──────── Available data ────────

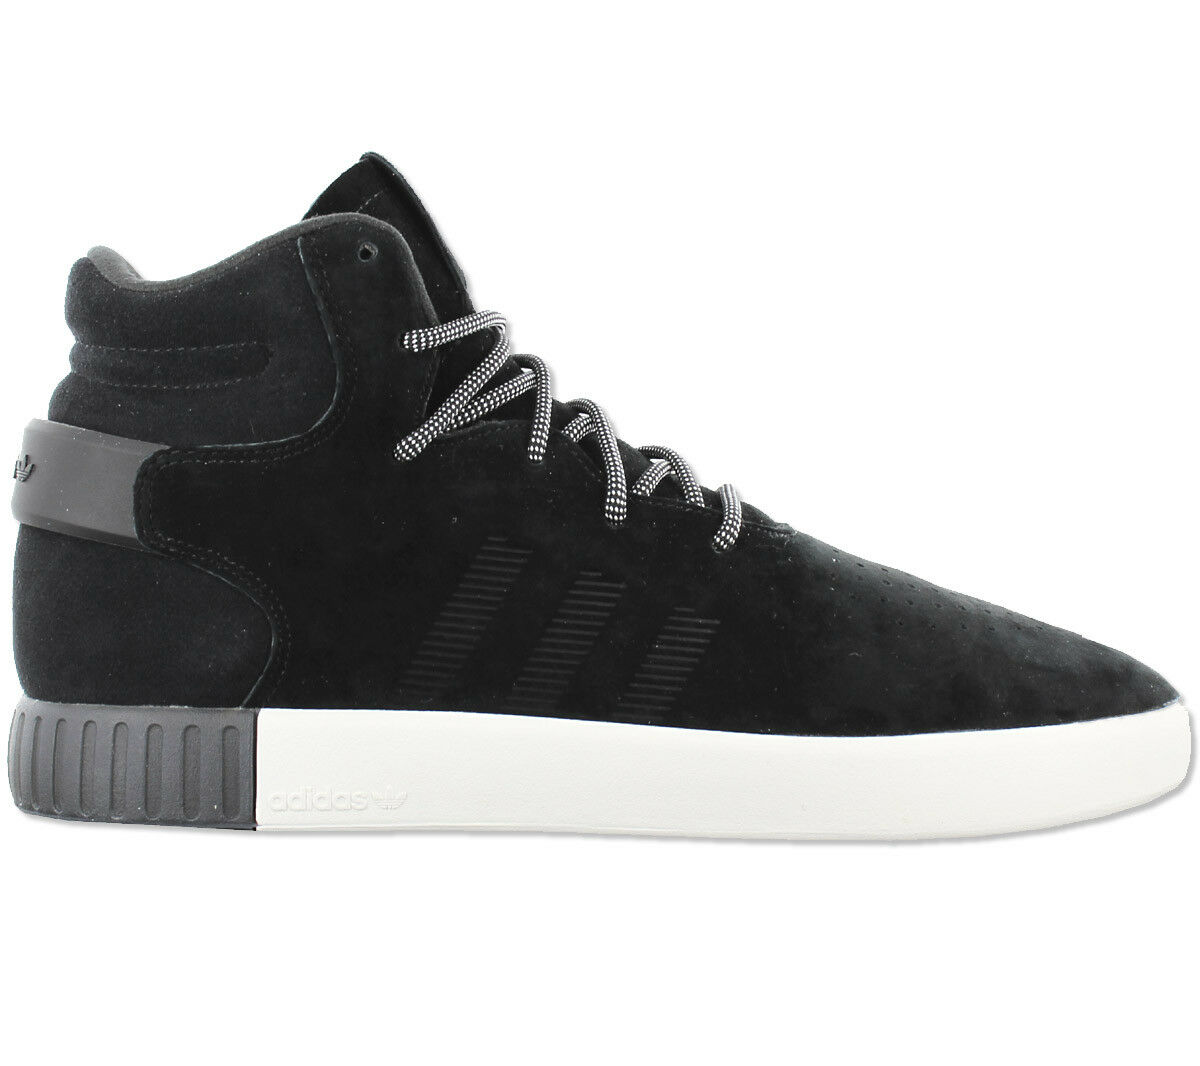 Adidas Originals TUBULAR TUBULAR TUBULAR Turnschuhe Schuhe Turnschuhe Freizeit Low Mid High SALE  |   c8edcc
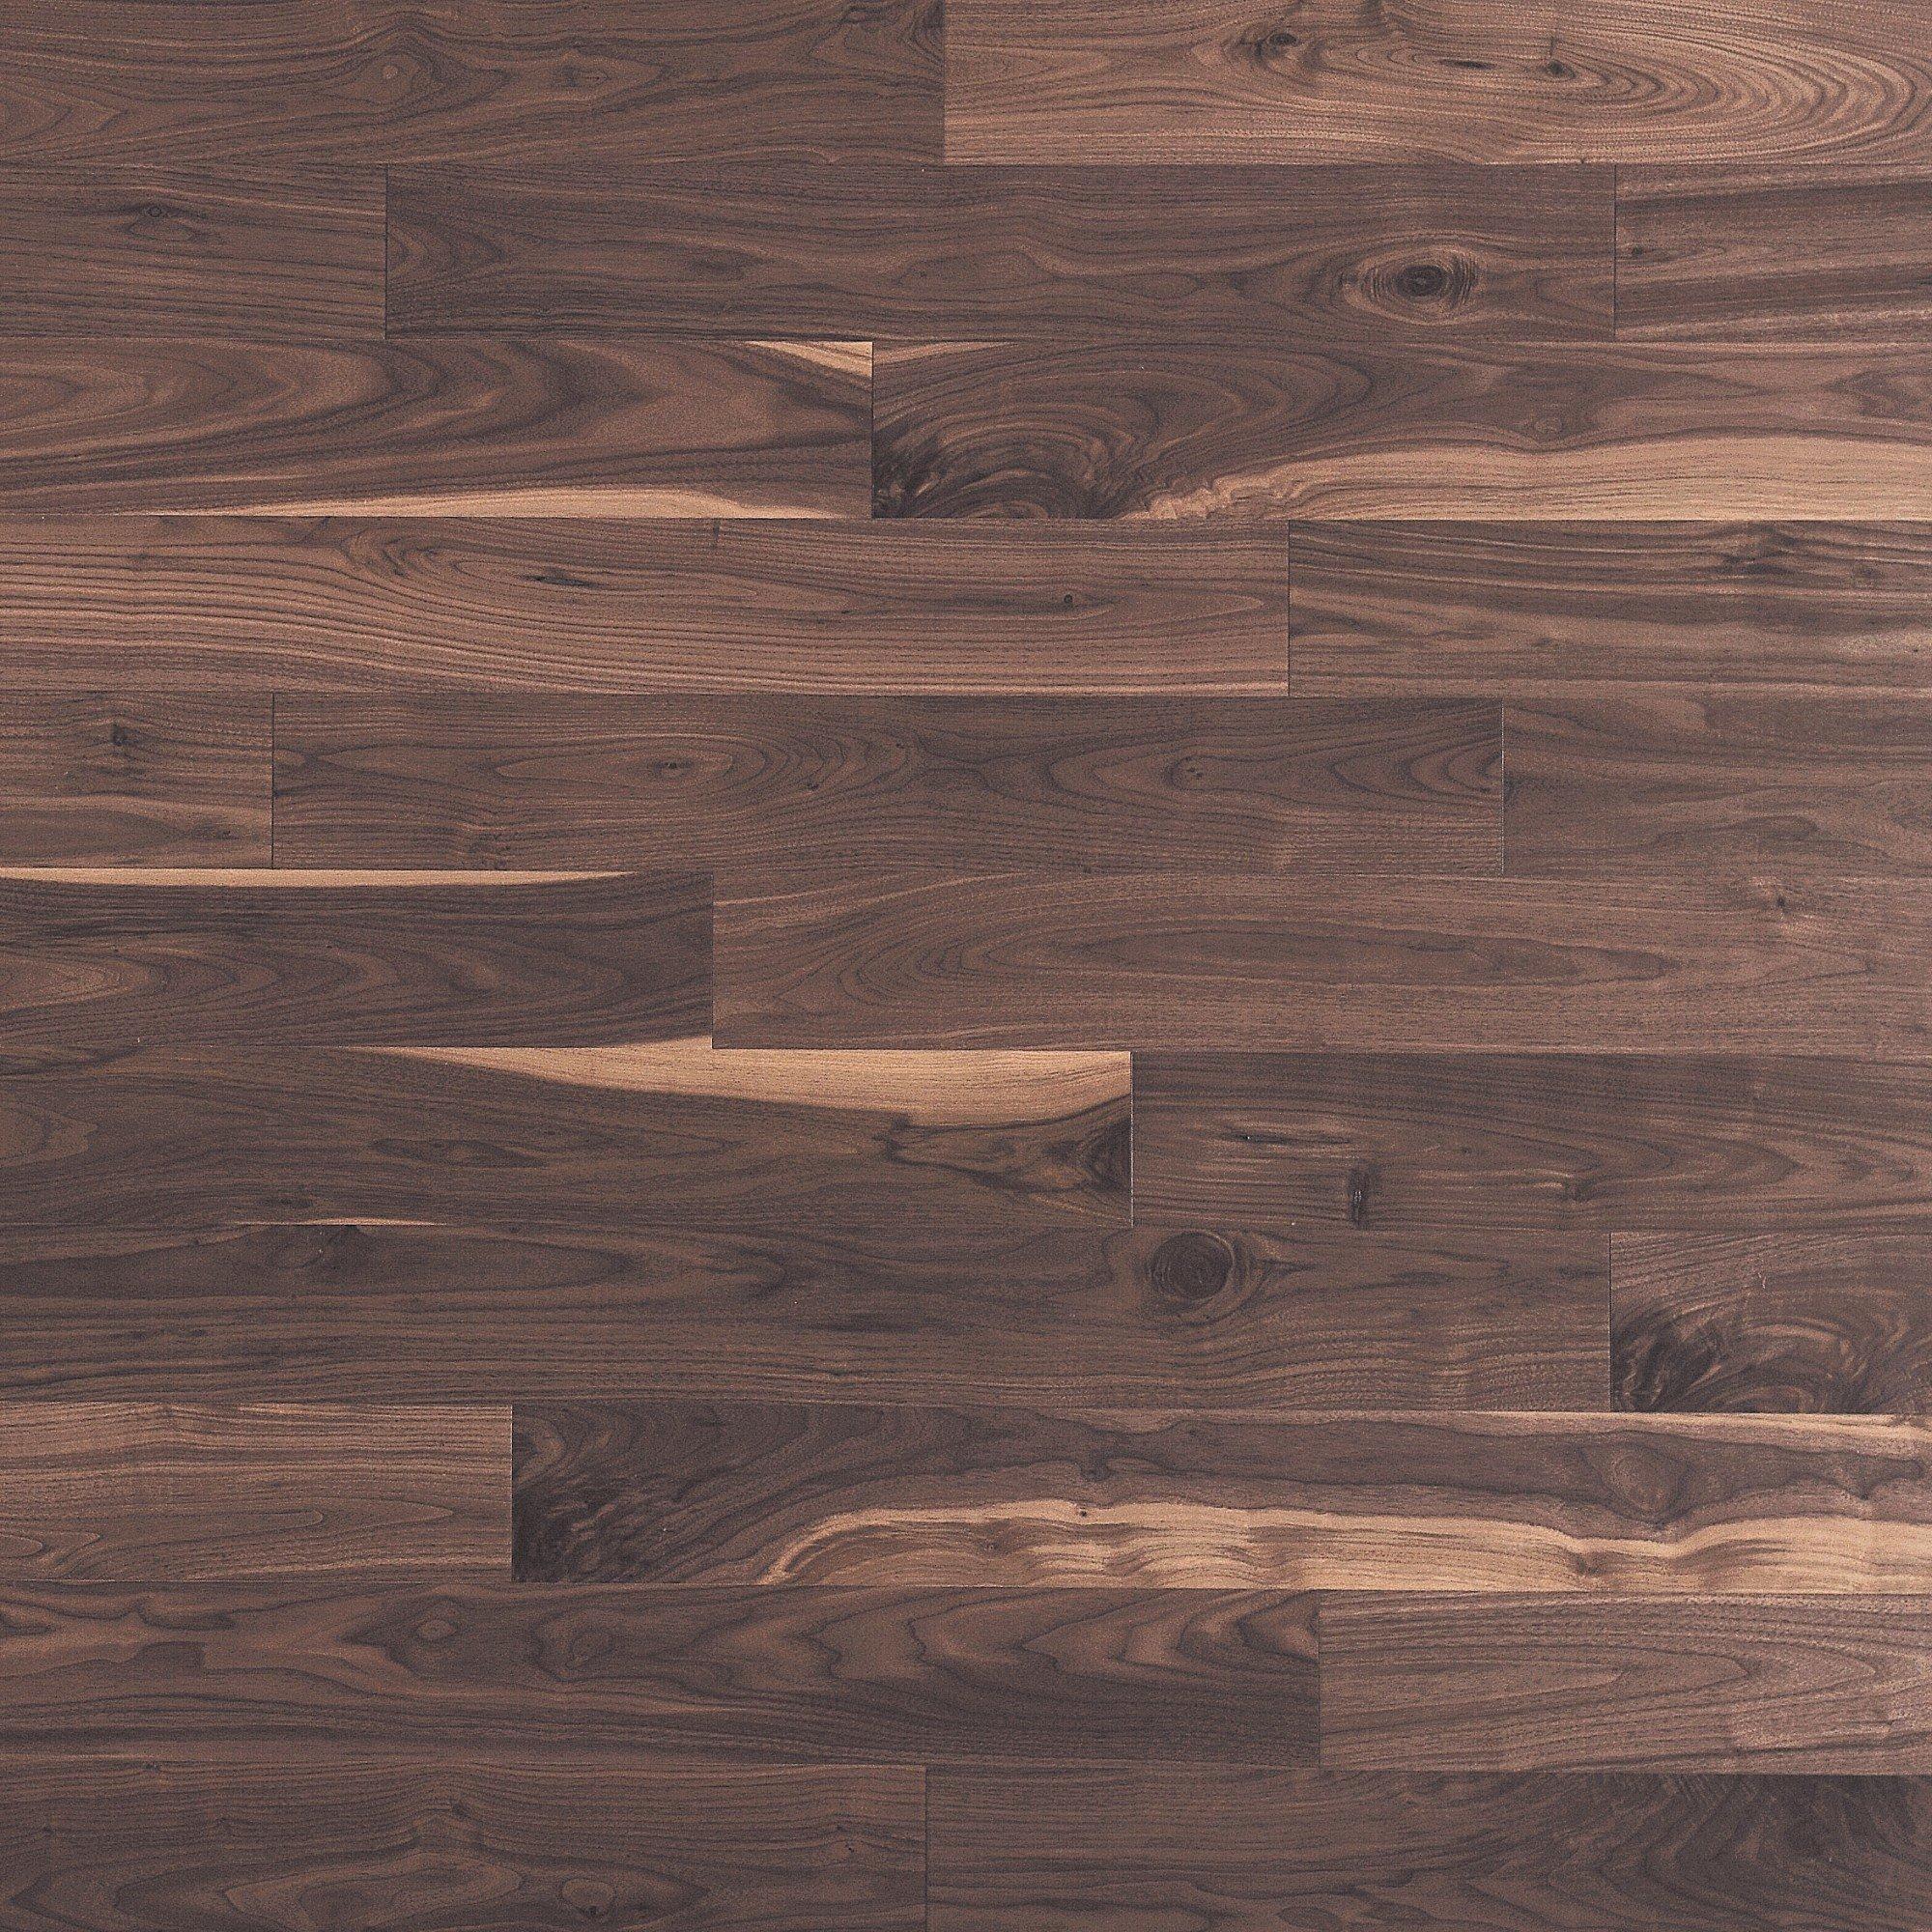 Walnut Character Smooth - Floor image
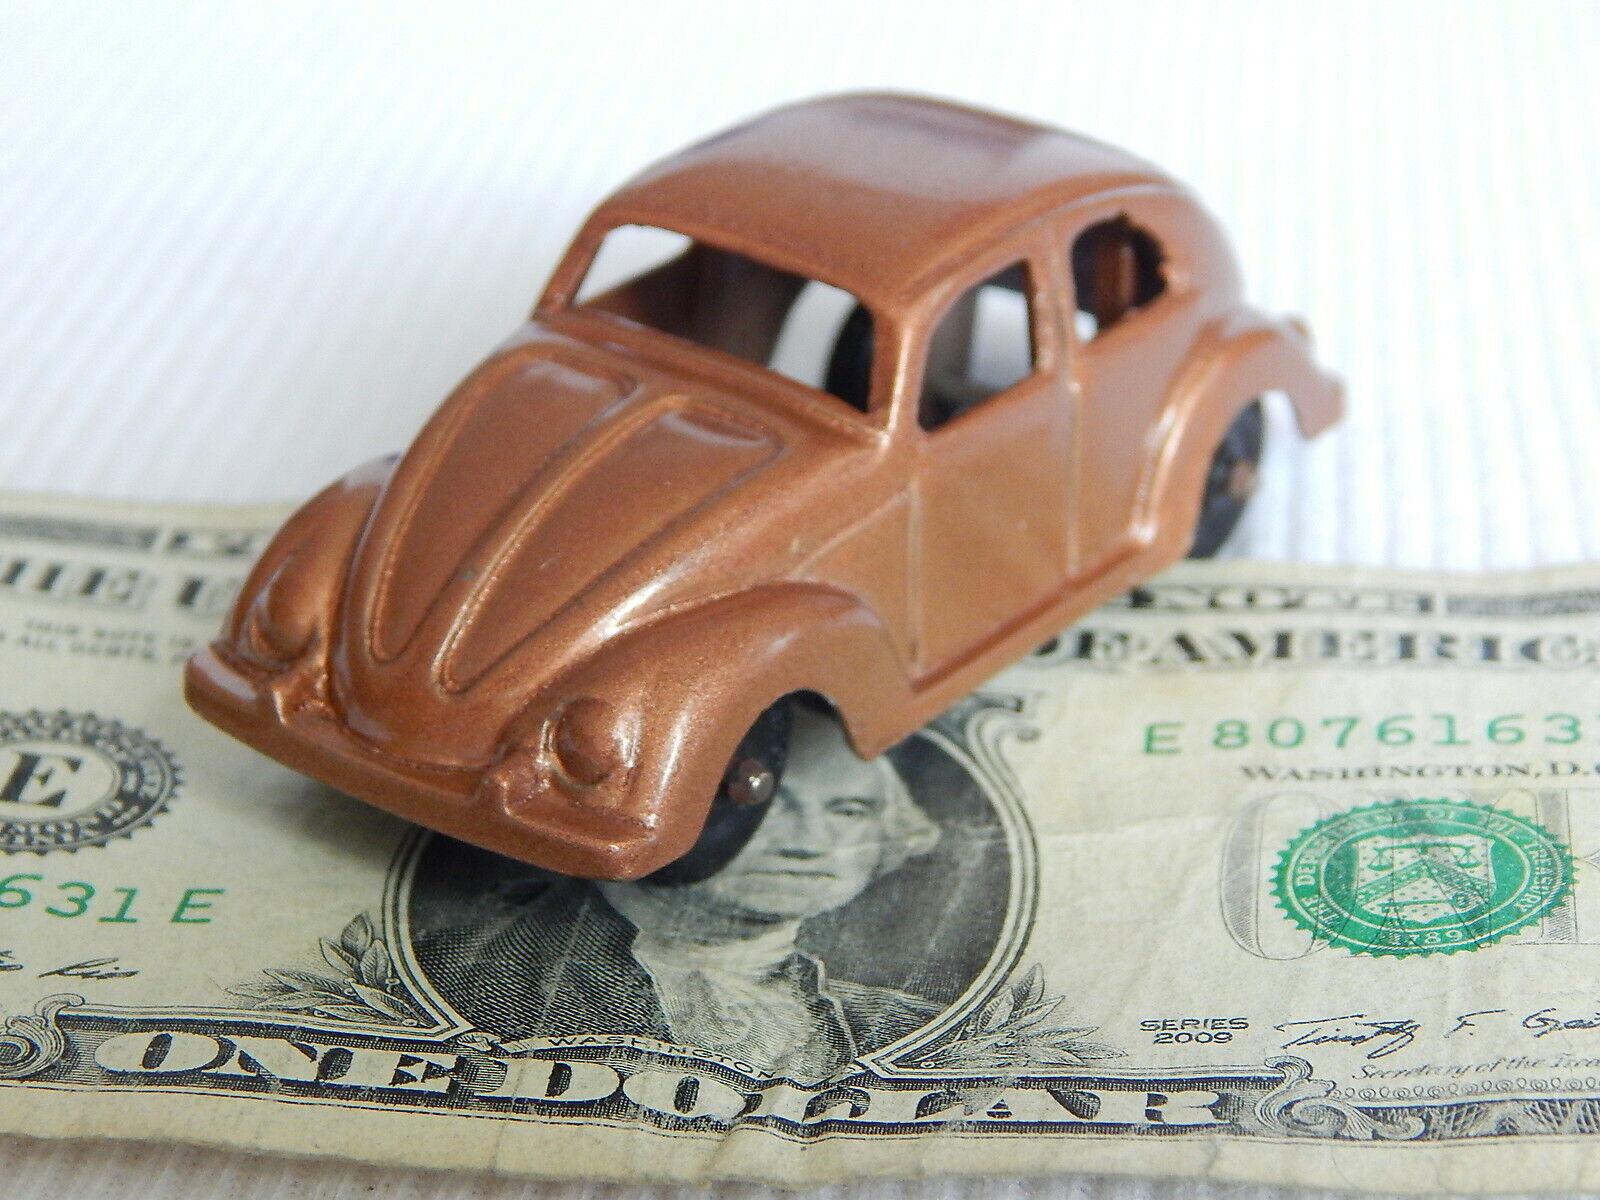 Tootsietoy De Colección 1960 Volkswagen VW Beetle Bug 3  bronce cobre coche de juguete Diecast

────────

_What to do_.
Each line from the line containing "Walnut Character Smooth - Floor image" through the final line of the data above must be retyped exactly; nothing else, and no pictures, may appear.

_Solution below_.
 Walnut Character Smooth - Floor image
 Tootsietoy De Colección 1960 Volkswagen VW Beetle Bug 3  bronce cobre coche de juguete Diecast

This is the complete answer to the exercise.